We can perform many tests, but nothing beats looking the graph and check if the model assumptions seem to be fulfilled.
1
2
3
4
5
fig, axes = plt.subplots(nrows=1, ncols=2, figsize=(10,5))
axes = axes.ravel()
pd.Series(arima_model.resid(), index=train.index).plot(color="black", ax=axes[0], title="Residuals")
plot_acf(arima_model.resid(), title="ACF of Residuals", ax=axes[1])
plt.show()
From this graph, it is evident that while the mean seems to be independent of time, there are periods where the variance is significantly higher, indicating the presence of heteroskedasticity. In an ideal scenario, a perfect model would yield Gaussian noise behavior. The ACF plot demonstrates a few significant peaks, notably at lags 1 and 8. This outcome is suboptimal and further confirms the likelihood of some correlation within the residuals.
While this model isn’t perfect by any means, it’s probably as good as it gets for this dataset.
Forecasting
We will use the model to predict 30 days in the future.
1
2
3
test = X_sma_7[X_sma_7.index >= pd.to_datetime('2021-07-01')][:35]
prediction, confint = arima_model.predict(n_periods=35, return_conf_int=True)
prediction
1
2
3
4
5
6
7
array([8.52809307, 8.55922593, 8.59075826, 8.62242736, 8.65414329,
8.68587525, 8.7176127 , 8.74935204, 8.78109201, 8.81283221,
8.84457248, 8.87631278, 8.90805309, 8.9397934 , 8.97153371,
9.00327402, 9.03501433, 9.06675464, 9.09849496, 9.13023527,
9.16197558, 9.19371589, 9.2254562 , 9.25719652, 9.28893683,
9.32067714, 9.35241745, 9.38415776, 9.41589808, 9.44763839,
9.4793787 , 9.51111901, 9.54285932, 9.57459964, 9.60633995])
1
2
3
4
5
6
7
8
9
10
11
12
cf = pd.DataFrame(confint)
prediction_series = pd.Series(prediction,index=test.index)
fig, ax = plt.subplots(1, 1, figsize=(8,5))
np.log(train[-180:]).plot(ax=ax, label="train")
np.log(test).plot(ax=ax, label="test")
ax.plot(prediction_series, label="forecast")
ax.legend(loc="upper left")
ax.fill_between(prediction_series.index,
cf[0],
cf[1],color='green',alpha=.3, label="CI")
ax.set_title("Log-transformed daily cases with 35 day forecast", fontsize=14)
ax.grid()
As we can see the model is succesfully able to capture the upward trend of the series, but a major limitation of these models is their unability to determine when a peak is coming.
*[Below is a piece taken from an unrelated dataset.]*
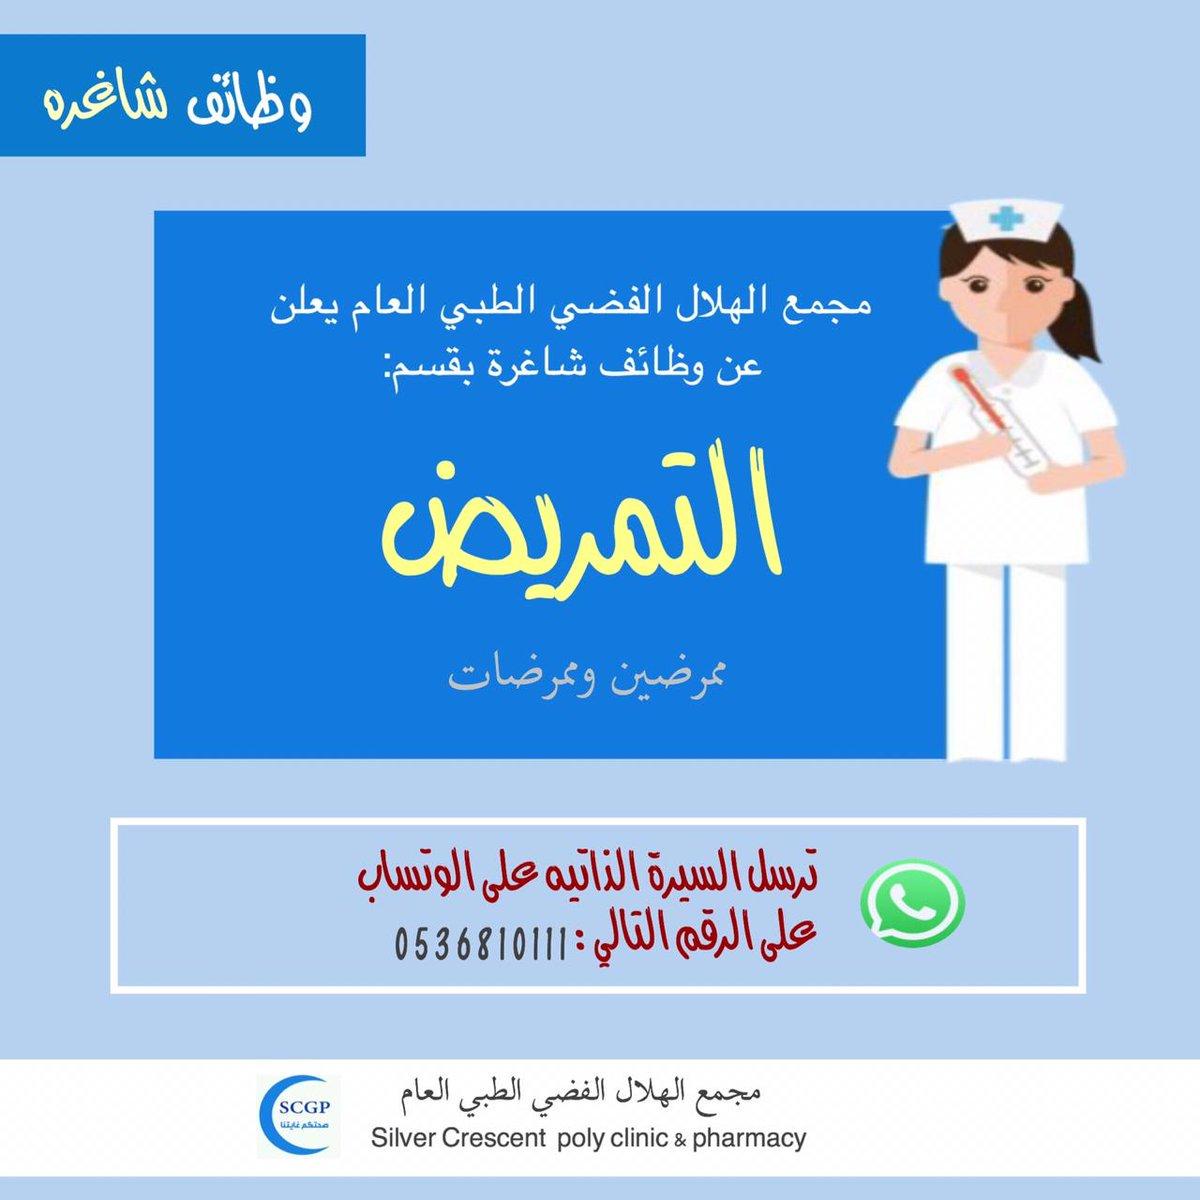 وظائف للسعوديين من الجنسين بمجمع الهلال الفضي الطبي العام بالخبرممرضين و ممرضات#وظائف_نسائية #وظائف_شاغرة #وظائف_الرياض #وظائف #صباح_الاحدَ

Next step is to measure the performance of the model on the testing set, we will do this using the root mean square error, mean absolute error and mean absolute percentage error from the sklearn
package.
1
2
3
4
5
6
7
8
from sklearn.metrics import mean_absolute_error, mean_absolute_percentage_error, mean_squared_error, r2_score
metrics = pd.DataFrame({"MAE": mean_absolute_error(test, np.exp(prediction)),
"RMSE": np.sqrt(mean_squared_error(test, np.exp(prediction))),
"MAPE": mean_absolute_percentage_error(test, np.exp(prediction)),
"R2": r2_score(test, np.exp(prediction))},
index=range(1))
metrics
MAE | RMSE | MAPE | R2 | |
---|---|---|---|---|
0 | 2634.686582 | 3094.601593 | 0.19656 | 0.4955 |
Conclusion
In this post we looked at how to approach time series problems using the Box-Jenkins method and ARIMA models. In my opinion is clear that for this type of data these models might not be the best match, given that there are a lot of external variables, population constrains and health measures taken by the authorities that affect the behavior of the series.